== WHAT YOU NEED TO DO ==
Find the line that contains "Foto: Manfred Karl". Copy it and every line after it to the end of the material below, exactly, with no pictures.

== SUPPLIED DATA ==
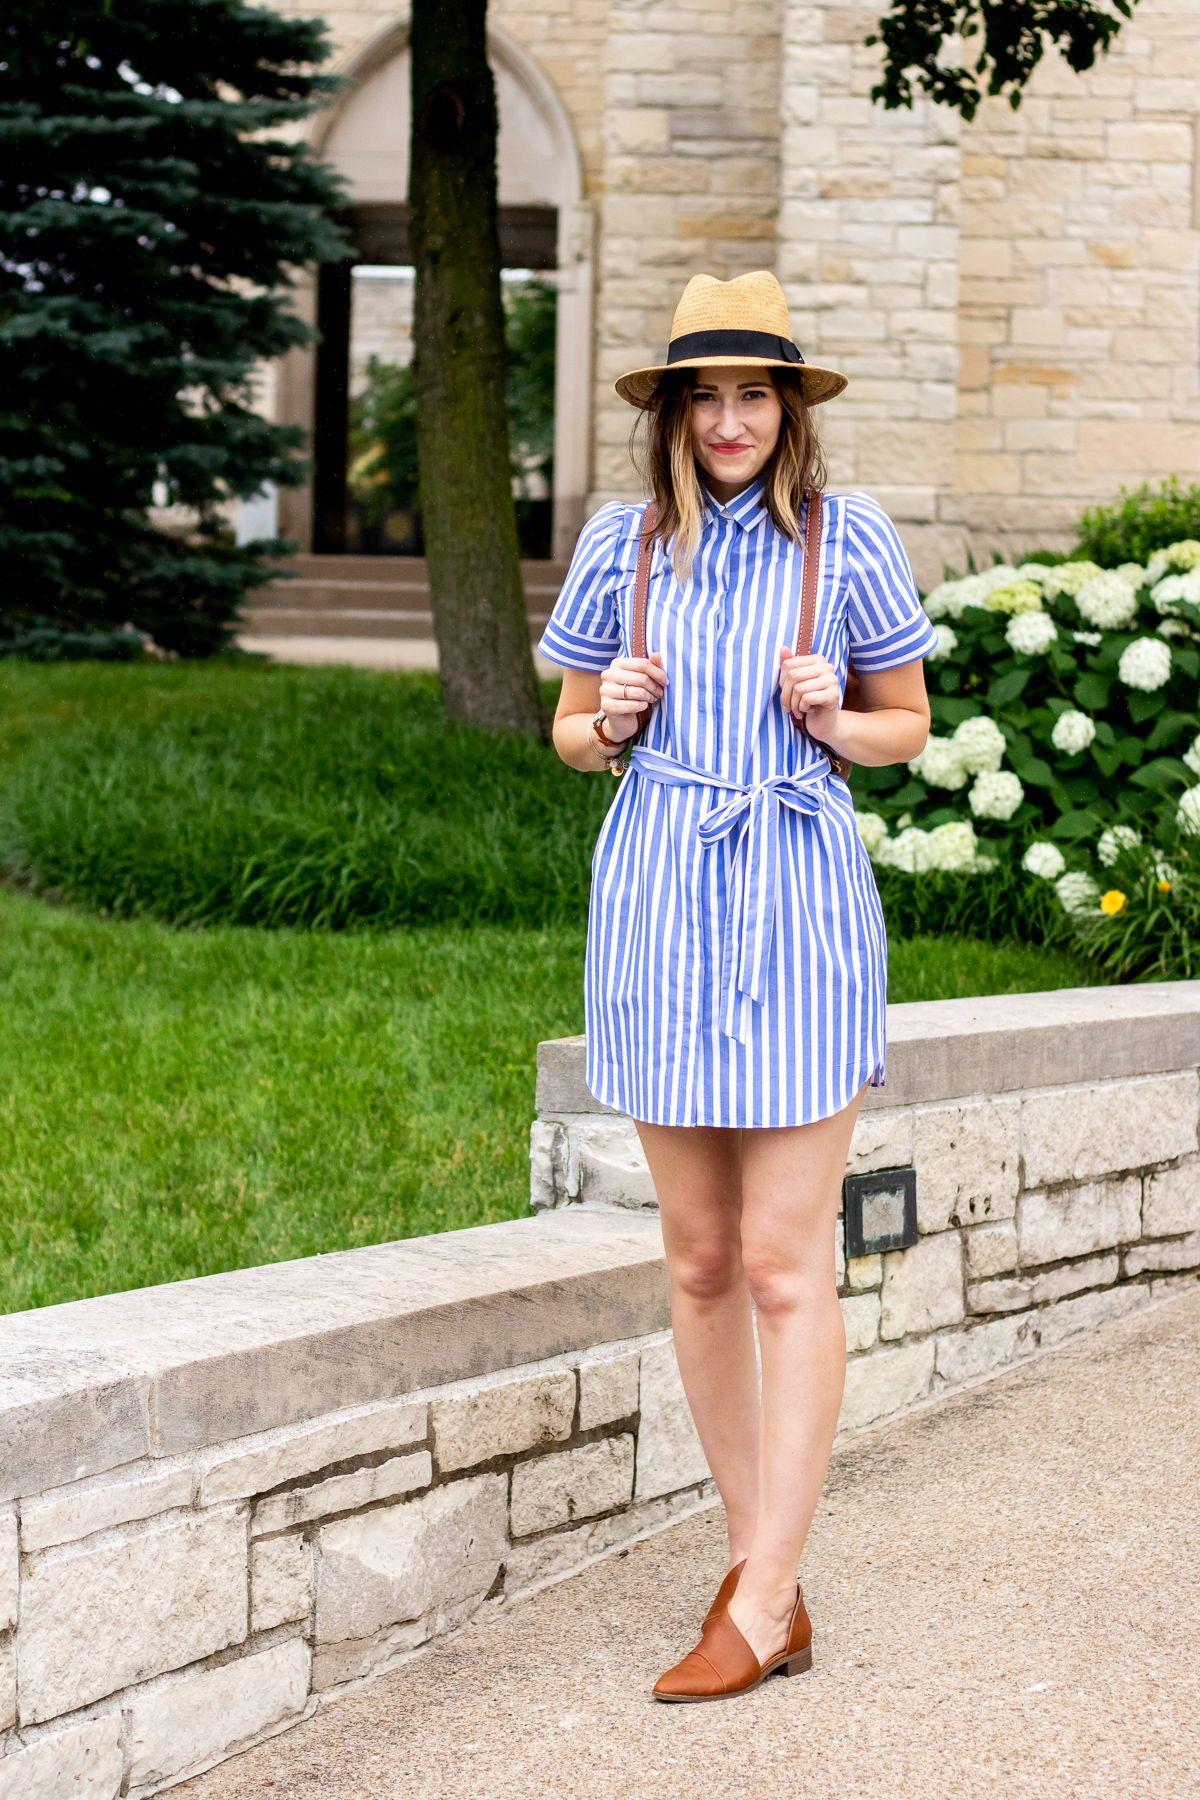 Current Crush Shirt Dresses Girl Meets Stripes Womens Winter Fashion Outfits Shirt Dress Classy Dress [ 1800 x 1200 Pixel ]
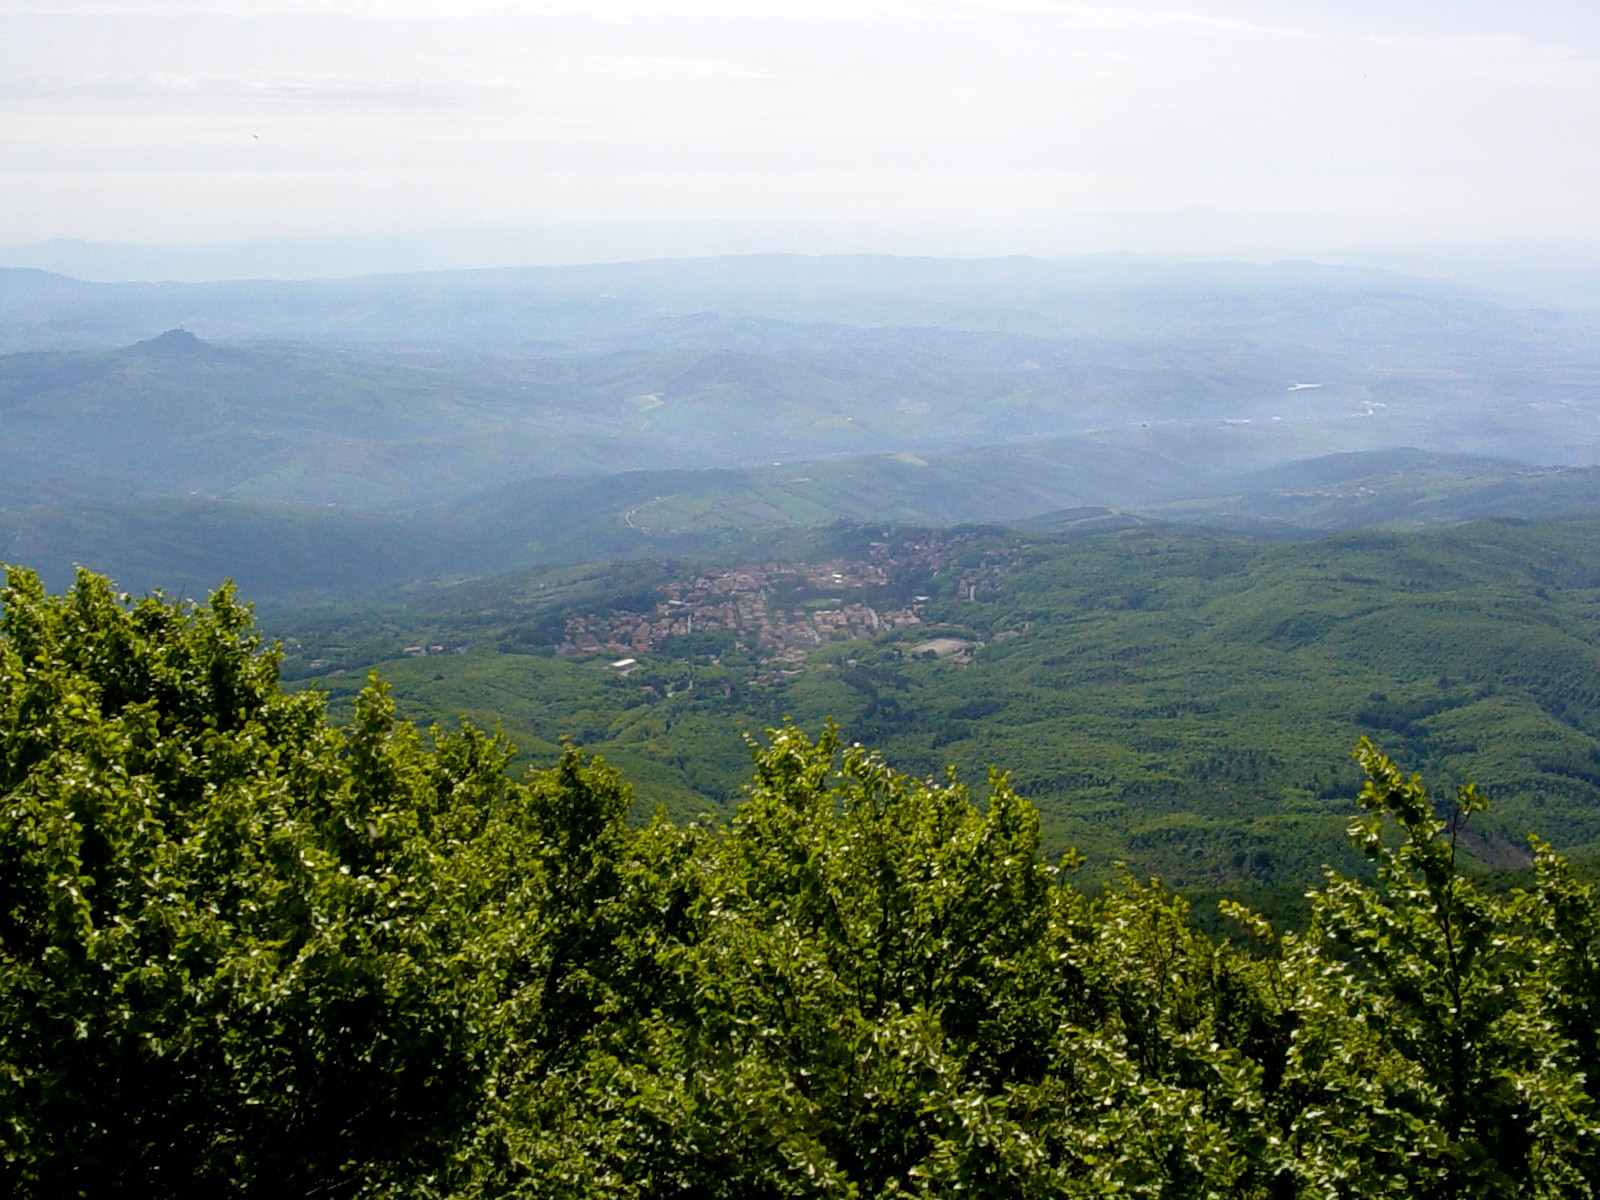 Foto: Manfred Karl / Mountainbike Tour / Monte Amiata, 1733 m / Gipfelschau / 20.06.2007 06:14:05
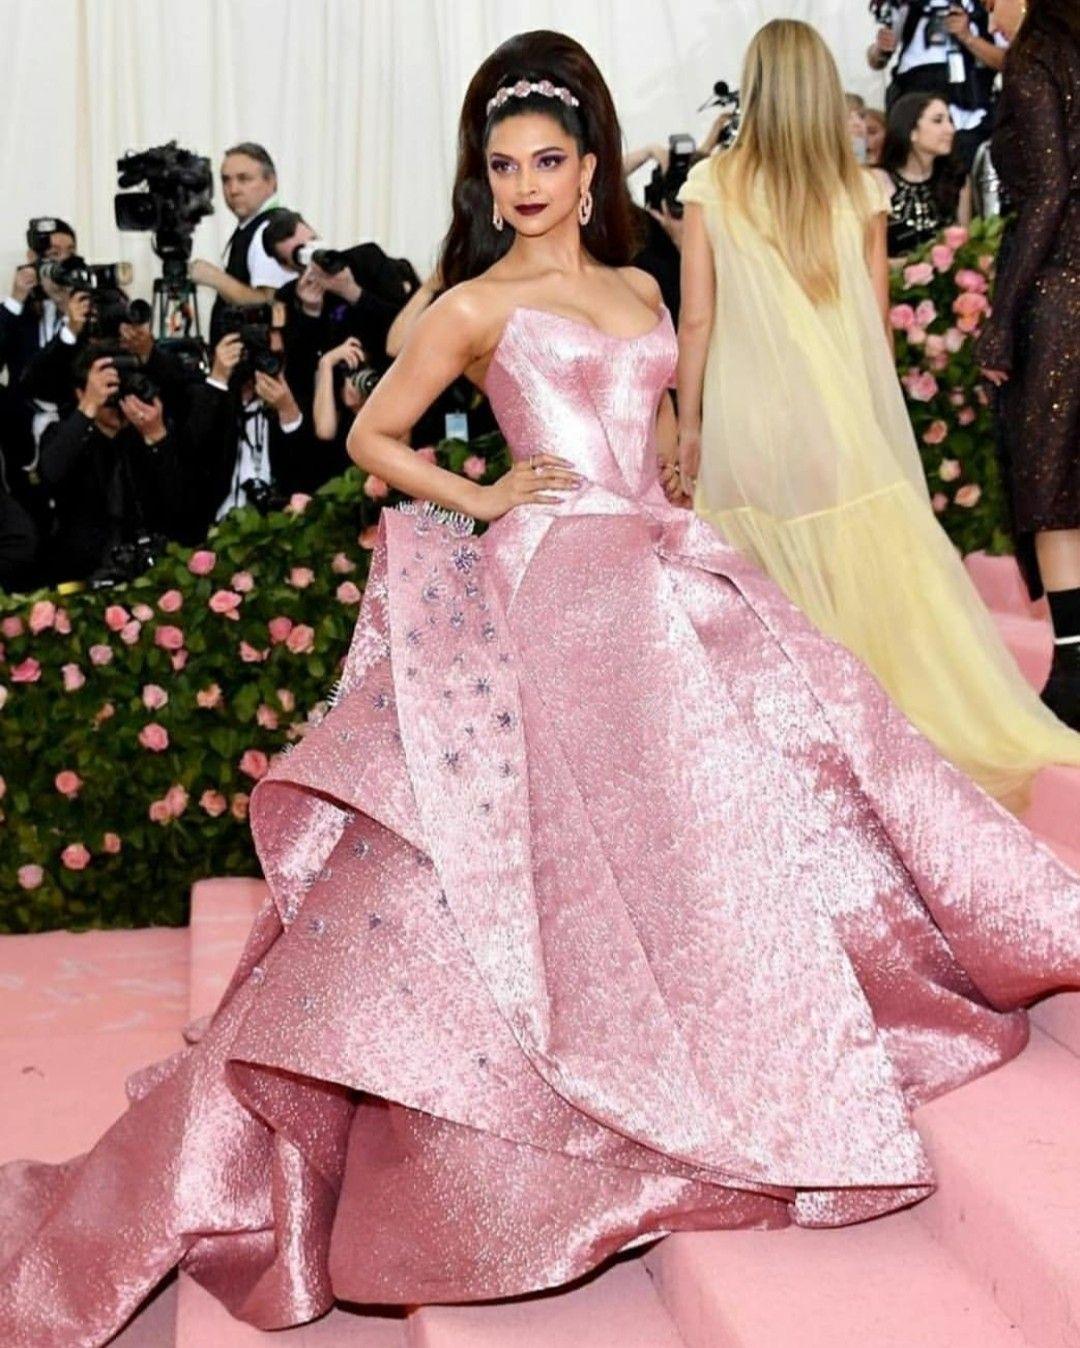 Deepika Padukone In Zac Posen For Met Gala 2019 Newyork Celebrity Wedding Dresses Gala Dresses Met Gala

== RESULT ==
 Foto: Manfred Karl / Mountainbike Tour / Monte Amiata, 1733 m / Gipfelschau / 20.06.2007 06:14:05
 Deepika Padukone In Zac Posen For Met Gala 2019 Newyork Celebrity Wedding Dresses Gala Dresses Met Gala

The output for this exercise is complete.